Peter Saville, the legendary designer best known for his work for Factory records, is our most-esteemed EC1 local luminary. In the past I had the opportunity to briefly meet and work with Peter at his studio on this Colorcalm DVD in 2005. He’s extremely charming and has a particularly inspired working method. At the time I took the opportunity to get a copy of “Closer” signed for my friend Mark Fisher which present I gave to Mark. I think in due course Mark went on to interview him. I see Peter around our neighborhood or down the shops from time to time, sometimes stopping to say hi to him. I don’t think he really knows who I am, which is no problem really. I hardly know who I am myself.
In 2006 it happened that our local St Luke’s Gardens were renovated. Seeing as how he was a local resident, the planners asked Saville to design something for the space. Inspired by the area’s traditional role as a centre of printmaking the idea was for beds with Cyan/Yellow/Magenta/Key (Black) plantings of flowers. Nice concept.
Fast forward eighteen years.
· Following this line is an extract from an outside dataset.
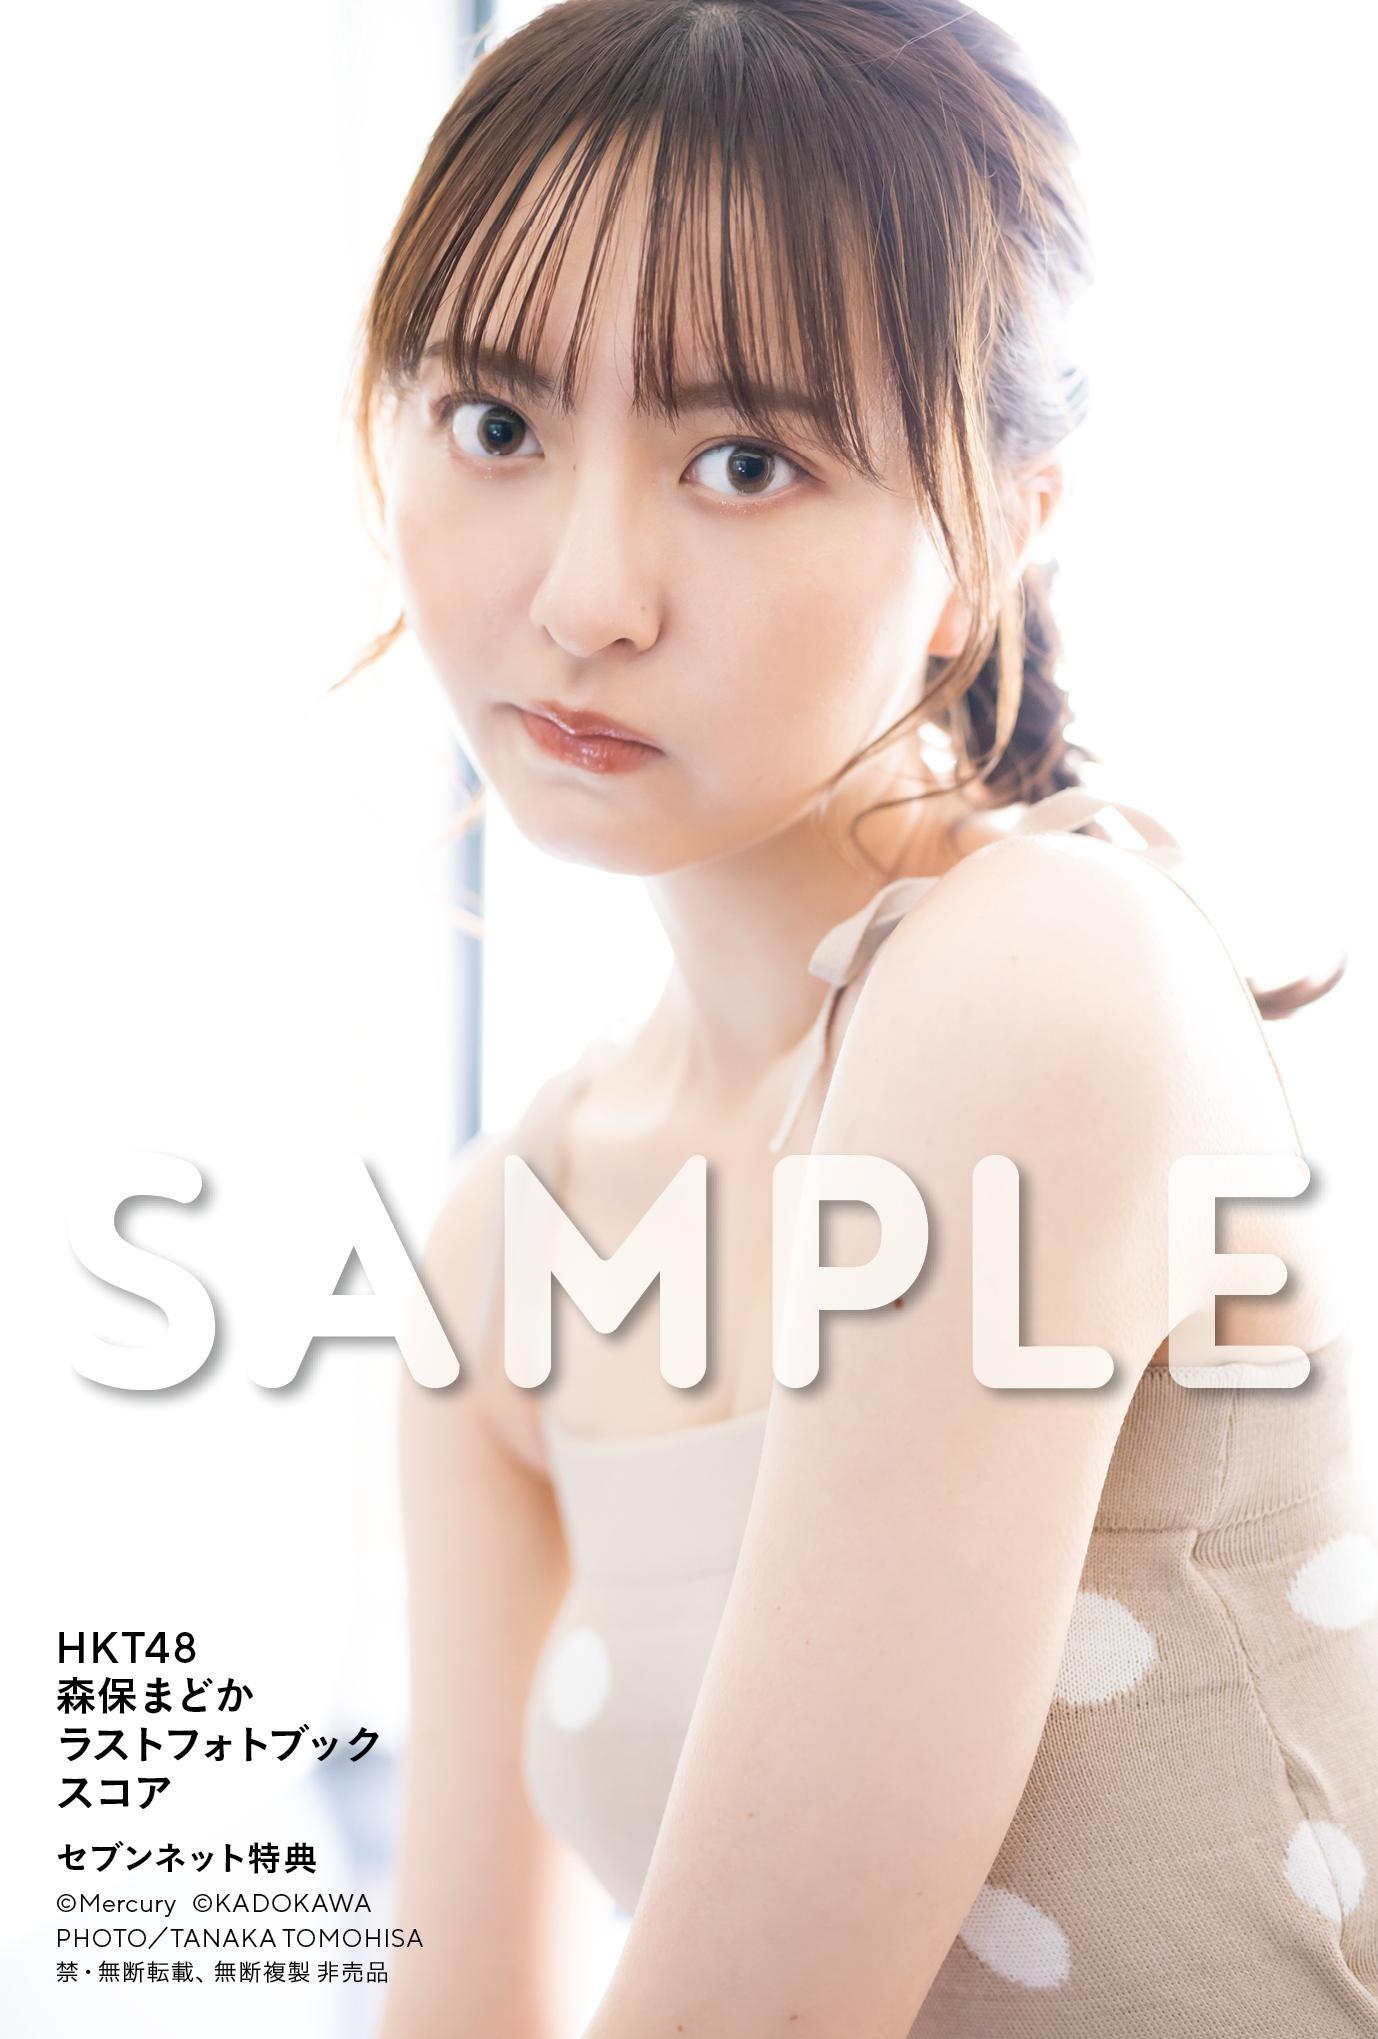 【セブンネット限定特典:ブロマイド1枚付き】『HKT48森保まどかラストフォトブック スコア』 (C)KADOKAWA  (C)Mercury   PHOTO/TANAKA TOMOHISA

As with these things so often the execution hasn’t kept up with the vision.
The first thing is that a slightly unsightly bird feeder has been installed in the middle of the centre “puck”.
I don’t really mind this so much, because I happen to like birds, but it’s a bit of a car crash.
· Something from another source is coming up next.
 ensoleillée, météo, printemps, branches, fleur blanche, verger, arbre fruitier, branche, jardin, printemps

Yellow in full effect.Key or black vaguely approximated.
Easier to address is that the planting has gone awry. I can see Magenta, Yellow, and Black here – but the Cyan definitely needed a hand. This would be so simple for Islington council to rectify but quicker to fix myself.
I ordered a small pack of Blue Cornflower seeds from the reliable Tamar Organics (Centauria cyanus should anyone accuse me of messing with the concept). This is a flower that bugs love.
These are the most remarkable seeds I have ever seen, like miniature shaving brushes.
I put a little seed compost down, because these guys wouldn’t survive just dumped into the parched flowerbed, and gave them a generous watering.
A few years ago the nursery that was run out of a portacabin on Mitchell Street, wedged between the local energy centre and a football pitch, was closed. It had been sited on the grounds of the Finsbury Leisure Centre for over twenty years.
The plot was cleared of buildings and for a period before COVID the space was squatted. Those squatters have since moved on and now no-one goes onto the land. Walking past it the other day I noticed that a small gap had been opened up in the fence, so I went in to have a look.